- Opening Delimiter -

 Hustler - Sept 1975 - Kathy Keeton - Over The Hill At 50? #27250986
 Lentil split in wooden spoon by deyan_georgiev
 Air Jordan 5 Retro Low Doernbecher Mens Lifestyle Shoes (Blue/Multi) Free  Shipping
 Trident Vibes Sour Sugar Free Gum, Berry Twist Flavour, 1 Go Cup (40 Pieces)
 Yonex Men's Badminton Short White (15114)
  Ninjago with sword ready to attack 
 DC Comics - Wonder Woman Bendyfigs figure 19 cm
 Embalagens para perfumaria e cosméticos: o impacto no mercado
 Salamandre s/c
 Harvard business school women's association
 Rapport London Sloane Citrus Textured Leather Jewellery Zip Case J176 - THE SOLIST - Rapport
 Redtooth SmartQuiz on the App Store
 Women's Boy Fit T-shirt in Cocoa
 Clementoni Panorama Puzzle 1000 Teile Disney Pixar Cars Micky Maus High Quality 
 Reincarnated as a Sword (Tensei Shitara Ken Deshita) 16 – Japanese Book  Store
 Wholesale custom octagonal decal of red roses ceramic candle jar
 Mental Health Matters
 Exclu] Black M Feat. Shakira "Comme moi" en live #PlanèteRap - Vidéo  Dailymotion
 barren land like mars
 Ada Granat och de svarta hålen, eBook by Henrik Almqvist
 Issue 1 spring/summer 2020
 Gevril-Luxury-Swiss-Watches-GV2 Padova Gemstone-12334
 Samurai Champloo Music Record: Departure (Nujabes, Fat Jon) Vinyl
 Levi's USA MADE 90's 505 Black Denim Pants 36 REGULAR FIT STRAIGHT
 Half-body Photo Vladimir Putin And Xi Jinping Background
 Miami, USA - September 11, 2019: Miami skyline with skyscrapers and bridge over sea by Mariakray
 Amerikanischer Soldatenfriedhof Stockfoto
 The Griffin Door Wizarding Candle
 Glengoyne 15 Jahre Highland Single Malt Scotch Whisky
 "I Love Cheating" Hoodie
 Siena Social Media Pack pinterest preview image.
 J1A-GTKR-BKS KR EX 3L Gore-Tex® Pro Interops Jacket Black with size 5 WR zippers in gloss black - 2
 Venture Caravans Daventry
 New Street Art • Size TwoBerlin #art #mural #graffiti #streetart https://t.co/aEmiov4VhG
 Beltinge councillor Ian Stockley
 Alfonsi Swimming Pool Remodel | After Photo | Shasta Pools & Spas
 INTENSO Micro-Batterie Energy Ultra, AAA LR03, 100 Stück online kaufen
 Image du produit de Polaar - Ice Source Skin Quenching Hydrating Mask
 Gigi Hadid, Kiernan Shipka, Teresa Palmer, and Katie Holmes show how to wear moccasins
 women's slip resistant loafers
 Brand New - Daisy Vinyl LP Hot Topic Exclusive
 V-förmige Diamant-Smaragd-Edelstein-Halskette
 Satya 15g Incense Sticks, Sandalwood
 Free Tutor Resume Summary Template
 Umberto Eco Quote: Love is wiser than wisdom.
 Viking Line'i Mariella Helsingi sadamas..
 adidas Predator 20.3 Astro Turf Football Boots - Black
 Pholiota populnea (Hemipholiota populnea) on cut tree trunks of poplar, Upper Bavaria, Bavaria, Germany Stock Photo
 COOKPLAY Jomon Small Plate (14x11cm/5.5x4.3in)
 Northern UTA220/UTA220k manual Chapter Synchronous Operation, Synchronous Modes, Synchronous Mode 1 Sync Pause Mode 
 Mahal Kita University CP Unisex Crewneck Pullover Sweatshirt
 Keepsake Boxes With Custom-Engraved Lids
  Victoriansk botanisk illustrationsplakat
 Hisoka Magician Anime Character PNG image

- Closing Delimiter -

• **Your objective**
Print only what lies in the material above starting at the line with "Yonex Men's Badminton Short White (15114)" and ending at the line with "Samurai Champloo Music", every line exactly as given.

• **Exercise response**
 Yonex Men's Badminton Short White (15114)
  Ninjago with sword ready to attack 
 DC Comics - Wonder Woman Bendyfigs figure 19 cm
 Embalagens para perfumaria e cosméticos: o impacto no mercado
 Salamandre s/c
 Harvard business school women's association
 Rapport London Sloane Citrus Textured Leather Jewellery Zip Case J176 - THE SOLIST - Rapport
 Redtooth SmartQuiz on the App Store
 Women's Boy Fit T-shirt in Cocoa
 Clementoni Panorama Puzzle 1000 Teile Disney Pixar Cars Micky Maus High Quality 
 Reincarnated as a Sword (Tensei Shitara Ken Deshita) 16 – Japanese Book  Store
 Wholesale custom octagonal decal of red roses ceramic candle jar
 Mental Health Matters
 Exclu] Black M Feat. Shakira "Comme moi" en live #PlanèteRap - Vidéo  Dailymotion
 barren land like mars
 Ada Granat och de svarta hålen, eBook by Henrik Almqvist
 Issue 1 spring/summer 2020
 Gevril-Luxury-Swiss-Watches-GV2 Padova Gemstone-12334
 Samurai Champloo Music Record: Departure (Nujabes, Fat Jon) Vinyl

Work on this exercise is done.